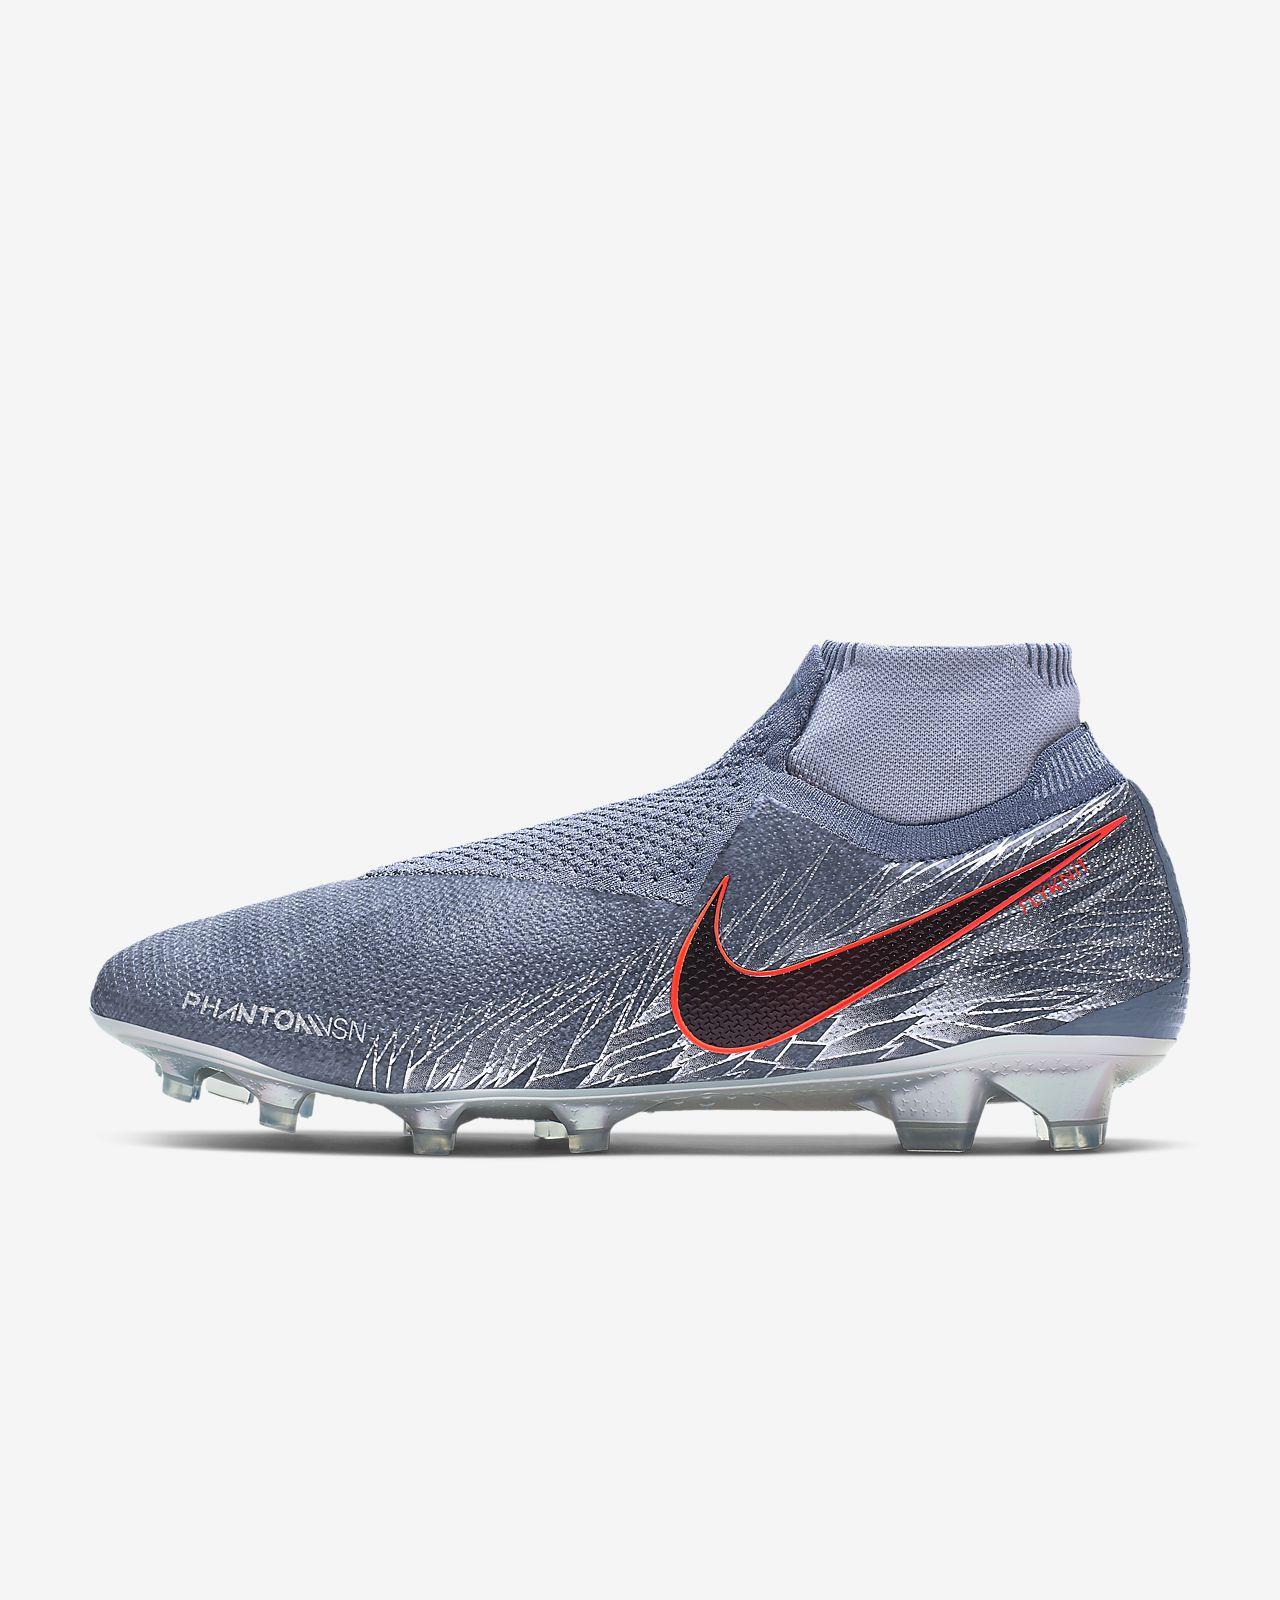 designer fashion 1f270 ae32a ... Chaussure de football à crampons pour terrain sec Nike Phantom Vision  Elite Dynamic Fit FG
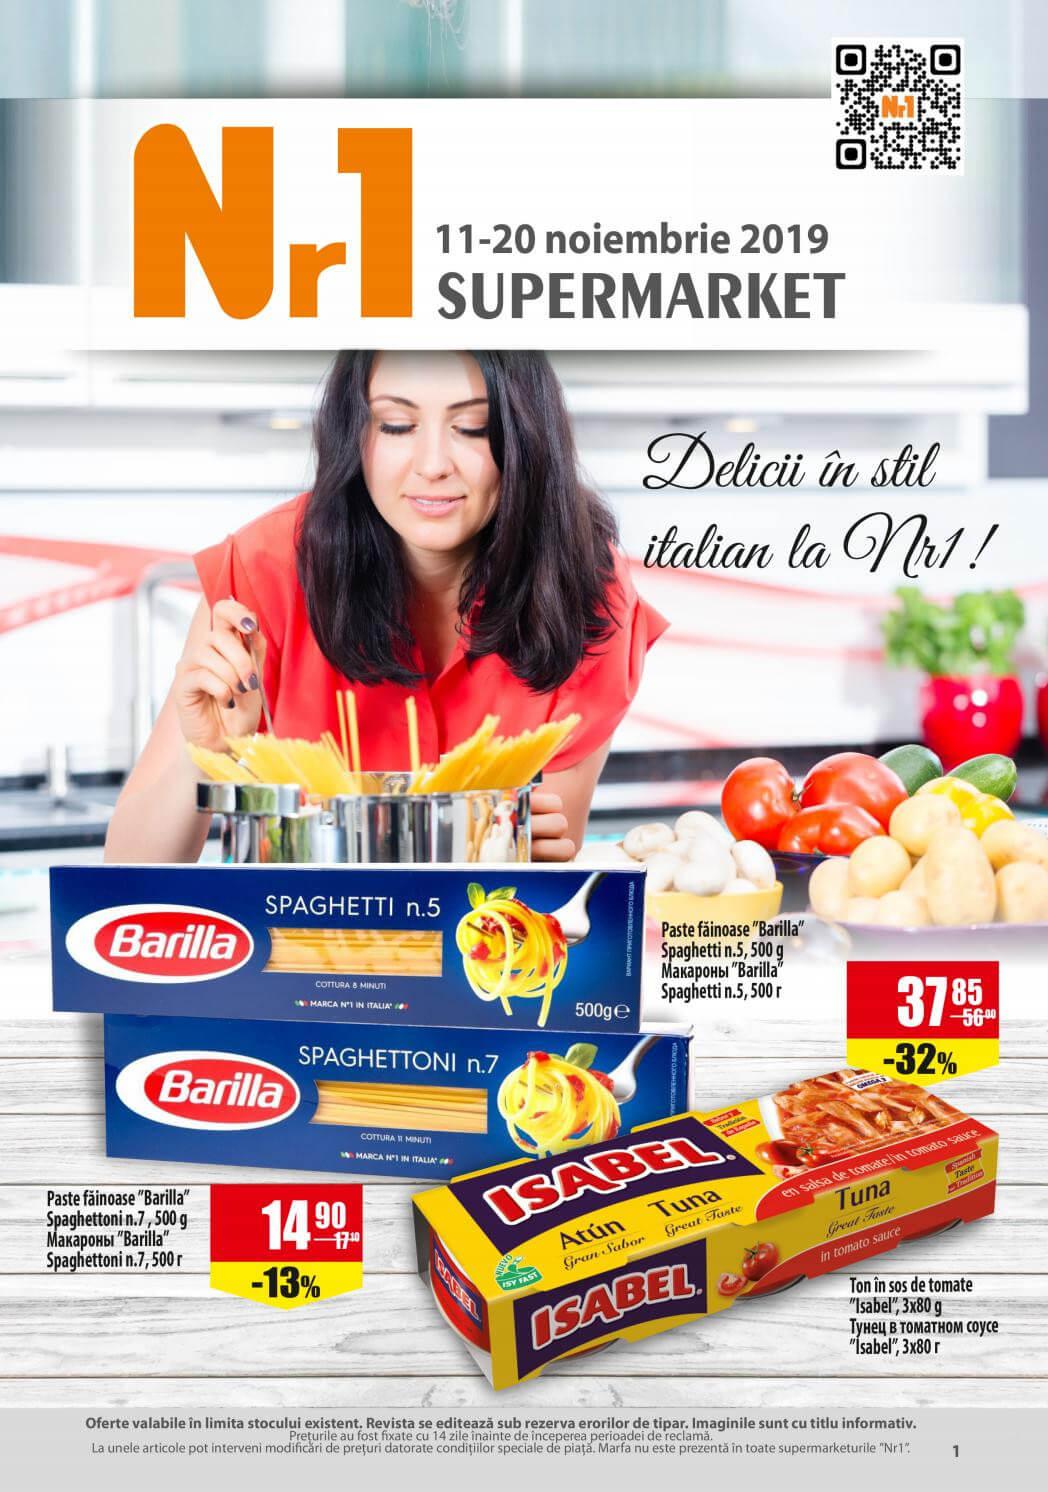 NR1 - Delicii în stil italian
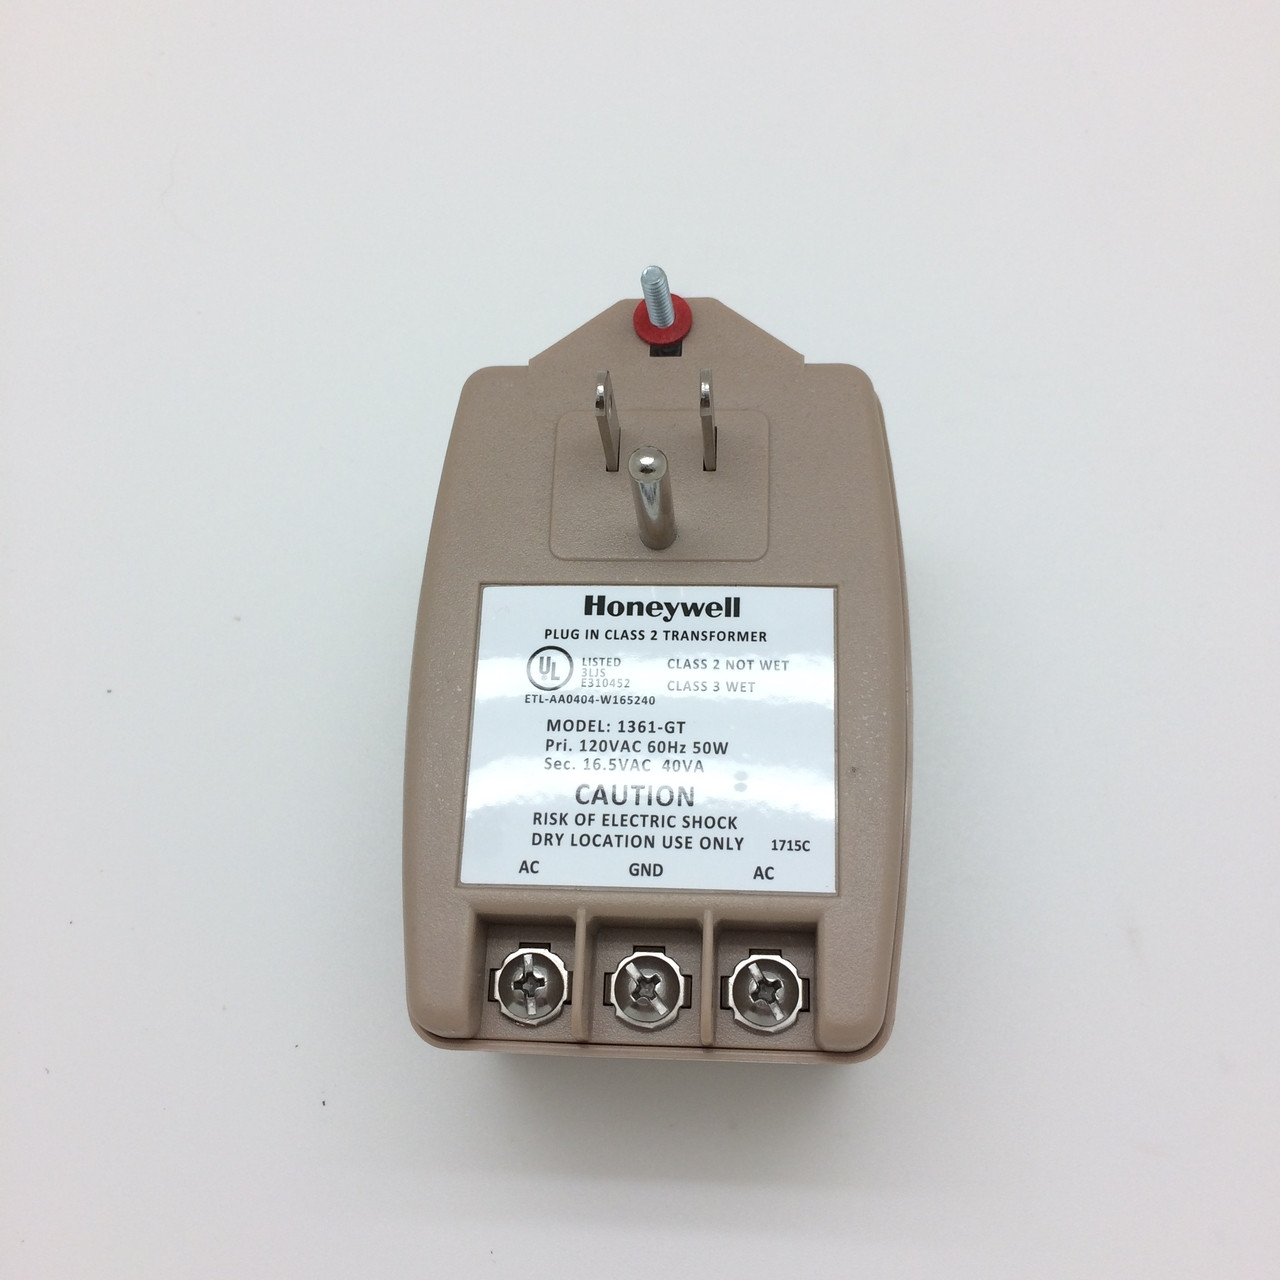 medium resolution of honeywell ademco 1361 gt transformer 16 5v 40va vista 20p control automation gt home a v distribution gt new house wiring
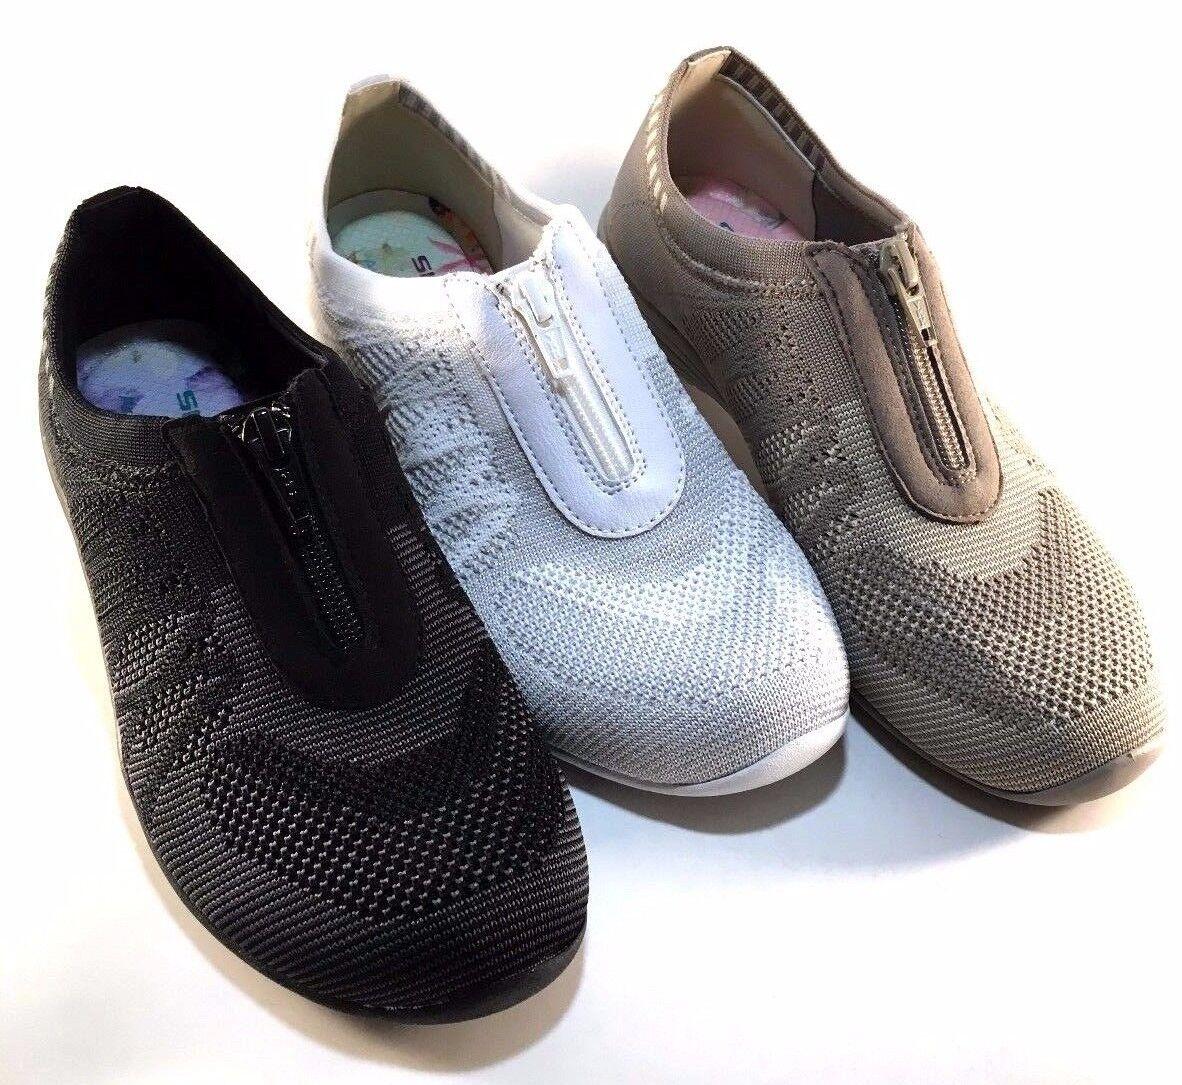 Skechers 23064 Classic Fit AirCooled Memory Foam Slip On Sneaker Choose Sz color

***

Exercise details: Reproduce the material above from its first line through the line containing "medium resolution of", both ends included, and skip every picture.

Output for this exercise:
 designer fashion 1f270 ae32a ... Chaussure de football à crampons pour terrain sec Nike Phantom Vision  Elite Dynamic Fit FG
 NR1 - Delicii în stil italian
 medium resolution of honeywell ademco 1361 gt transformer 16 5v 40va vista 20p control automation gt home a v distribution gt new house wiring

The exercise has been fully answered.